» Required work
Only the number is wanted: how many lines of these entries contain the word "sehen"?
------
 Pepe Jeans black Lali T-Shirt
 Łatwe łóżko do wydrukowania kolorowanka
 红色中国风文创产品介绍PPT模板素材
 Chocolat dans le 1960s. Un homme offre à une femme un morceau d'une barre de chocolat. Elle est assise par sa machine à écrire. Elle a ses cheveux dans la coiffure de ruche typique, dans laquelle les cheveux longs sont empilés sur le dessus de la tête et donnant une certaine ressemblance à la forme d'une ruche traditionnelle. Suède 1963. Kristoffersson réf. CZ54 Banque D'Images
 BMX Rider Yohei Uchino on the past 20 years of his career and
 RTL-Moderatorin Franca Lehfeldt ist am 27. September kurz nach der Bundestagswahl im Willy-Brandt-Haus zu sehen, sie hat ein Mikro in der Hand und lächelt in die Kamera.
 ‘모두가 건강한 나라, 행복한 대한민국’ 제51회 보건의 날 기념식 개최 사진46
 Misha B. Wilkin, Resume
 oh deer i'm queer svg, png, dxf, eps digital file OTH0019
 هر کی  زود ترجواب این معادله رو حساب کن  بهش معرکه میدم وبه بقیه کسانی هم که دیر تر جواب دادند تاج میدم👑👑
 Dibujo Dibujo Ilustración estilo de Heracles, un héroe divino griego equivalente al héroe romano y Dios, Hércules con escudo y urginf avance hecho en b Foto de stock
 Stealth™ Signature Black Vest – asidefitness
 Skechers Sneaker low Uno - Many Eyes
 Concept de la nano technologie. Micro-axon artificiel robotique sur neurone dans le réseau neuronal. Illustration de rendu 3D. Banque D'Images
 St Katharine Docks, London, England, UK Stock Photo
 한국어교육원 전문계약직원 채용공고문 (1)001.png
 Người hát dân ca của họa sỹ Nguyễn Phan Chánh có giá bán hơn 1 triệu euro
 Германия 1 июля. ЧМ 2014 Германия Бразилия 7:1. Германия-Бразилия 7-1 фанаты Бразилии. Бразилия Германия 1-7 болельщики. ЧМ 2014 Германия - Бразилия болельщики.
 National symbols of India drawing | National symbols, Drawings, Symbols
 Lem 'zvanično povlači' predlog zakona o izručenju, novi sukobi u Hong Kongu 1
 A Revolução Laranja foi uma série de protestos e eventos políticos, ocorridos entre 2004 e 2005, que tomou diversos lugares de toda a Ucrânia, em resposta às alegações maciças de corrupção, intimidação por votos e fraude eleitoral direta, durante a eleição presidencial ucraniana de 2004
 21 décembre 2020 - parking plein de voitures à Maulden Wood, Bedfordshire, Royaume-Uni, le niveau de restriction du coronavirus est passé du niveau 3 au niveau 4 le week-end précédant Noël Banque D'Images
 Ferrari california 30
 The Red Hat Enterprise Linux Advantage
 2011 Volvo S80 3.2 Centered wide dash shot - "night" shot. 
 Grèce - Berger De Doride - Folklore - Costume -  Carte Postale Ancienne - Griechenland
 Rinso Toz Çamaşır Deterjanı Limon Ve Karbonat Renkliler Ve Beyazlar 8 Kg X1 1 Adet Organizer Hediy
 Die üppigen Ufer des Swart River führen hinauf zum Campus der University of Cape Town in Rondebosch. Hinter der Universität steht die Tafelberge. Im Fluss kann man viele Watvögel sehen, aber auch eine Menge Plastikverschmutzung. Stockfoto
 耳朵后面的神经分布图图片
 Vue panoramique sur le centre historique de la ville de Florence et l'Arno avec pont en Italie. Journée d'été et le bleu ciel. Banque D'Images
------
» Your solution
2